The heat was thankfully slow in coming this year but it has arrived and Rome went from gray and rainy to boiling in an instant. Be prepared for temperatures in the high 80s (30+ in Celsius) and for places to have little or no air conditioning. Double (triple) check that your accommodation has air conditioning if that is important to you. It is not a given.
🏛️Visit empty museums
🪴 Find cool gardens
⛪️ Go to Church
Churches offer a cool and quiet respite from the heat and chaos outside. Make sure you have a scarf in your bag to cover bare shoulders and that your dress or shorts cover your knees. The Vatican and the Pantheon strictly enforce this rule. Remember that most churches close in the middle of the day and reopen after 3 pm.
❄️Find a Fountain
There is always ice-cold fresh water flowing from the small drinking fountains that Romans call Nasoni.🚫Remember there is a hefty fine if you take a dip in the famous fountains.
🦉Are you a lark or an owl?
⏰ Be a morning bird and get your steps and major sightseeing in before the sun is high. Go with Isabella of Archeo running on an early morning walk through Rome. Be the first one in the Sistine Chapel.
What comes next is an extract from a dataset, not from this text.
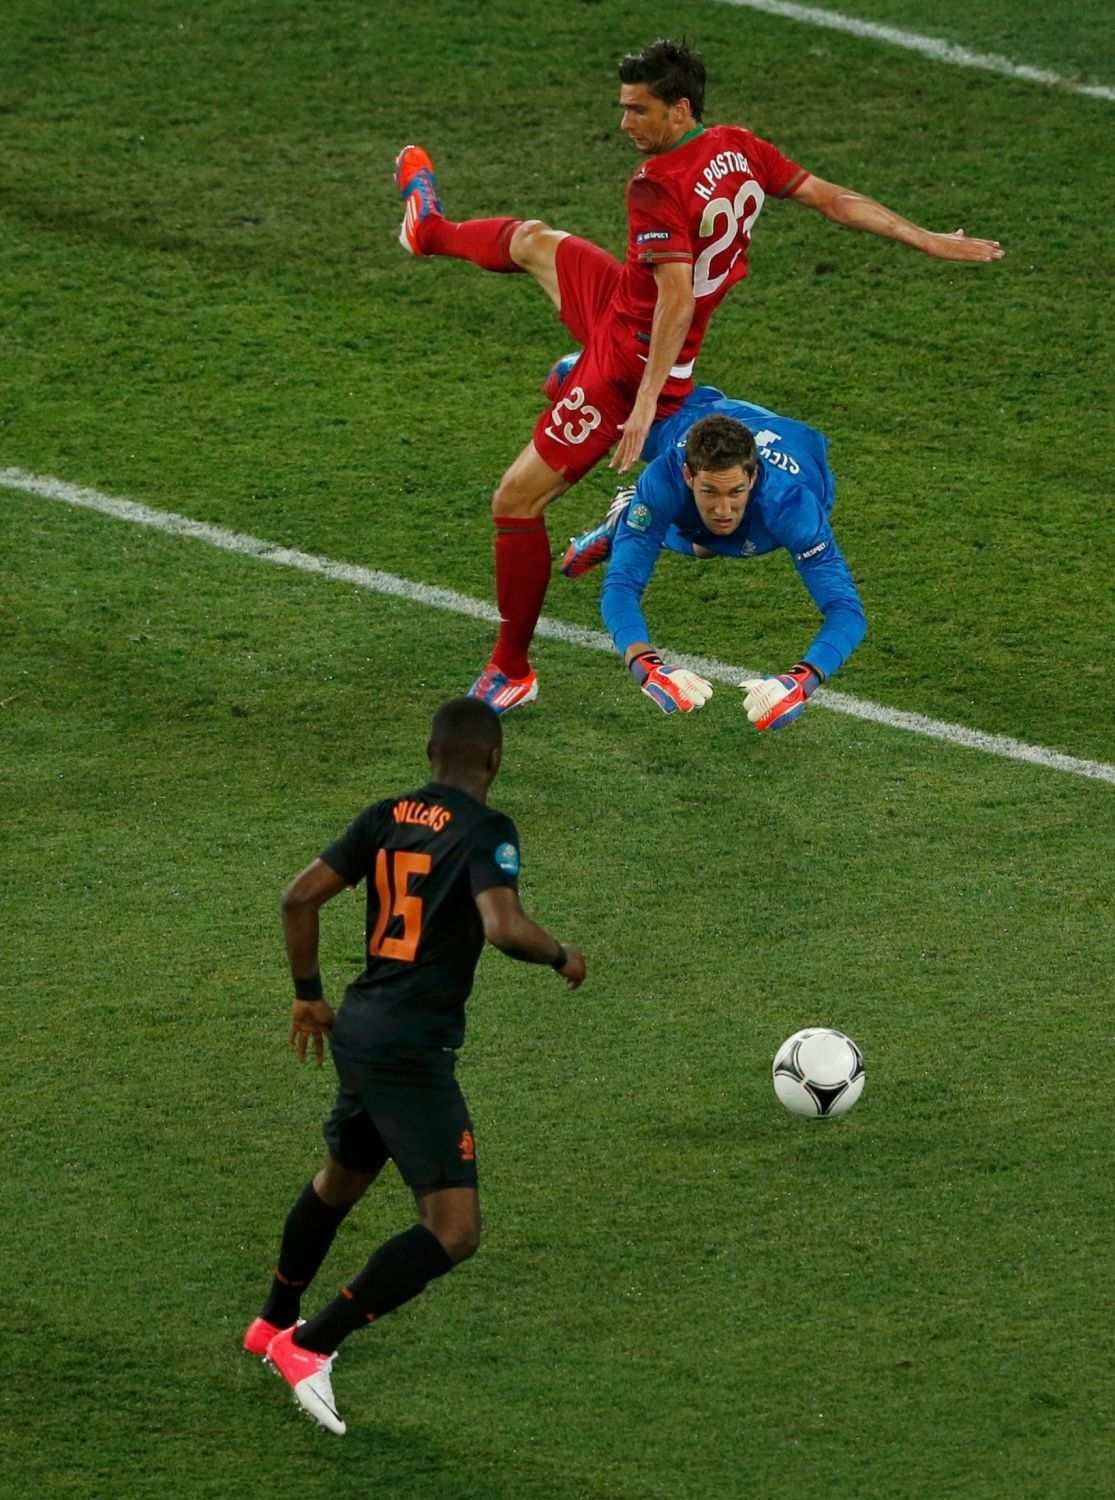 Nizozemský brankář Maarten Stekelenburg likviduje společně s Jetrem Willemsem pokus Portugalce Heldera Postigy v utkání skupiny B na Euru 2012

🌃 Be a night owl. Take a nap in the middle of the day and then eat dinner late and get gelato after midnight. The Opera di Roma performs opera and ballets and concerts under the stars with the Terme di Caracalla as a backdrop through August. This year’s program includes La Traviata and Cinderella and Beethova’s 9th. Along the Lungotevere near Trastevere between Ponte Sisto and Ponte Garibaldi, there are tents set up with shopping, games for the kids, and pop-up restaurants that open after sunset. I love this after-dark Colosseum tour.
🧊Ice, ice, ice
Get something cold to eat or drink. Italians don’t really do big iced coffees1 but instead have a shakerato or granita de cafe. Order a cold cocktail; Negronis seem to always come with a lot of ice cubes. If cocktails are not your thing, grattacheccha, the Roman version of snow cones, works just as well.
🏖️ Go to the beach
I spend as much of July at the beach as is humanly possible. Anzio and Ostia are easy peasy to get to without a car. Are lakes more your style? Rent a car and go to Lake Bolsena. If you are happy to just sit near the water there is a stretch along the Lungotevere called Tiberis with chairs, yoga classes, children’s activities, and a few food options. Short on time for exploring beyond Rome? Spend the day on the Amalfi Coast.
🏊♀️ Find a pool
The easiest way is to book a hotel with a pool. The out-of-the-way location of the Rome Cavalieri is worth it to have access to their gardens and pools. The Parco dei Principe on the edge of the Villa Borghese is my other recommendation. Bookmark this list of pools in Rome that have day pass options for that afternoon when you need a cool break.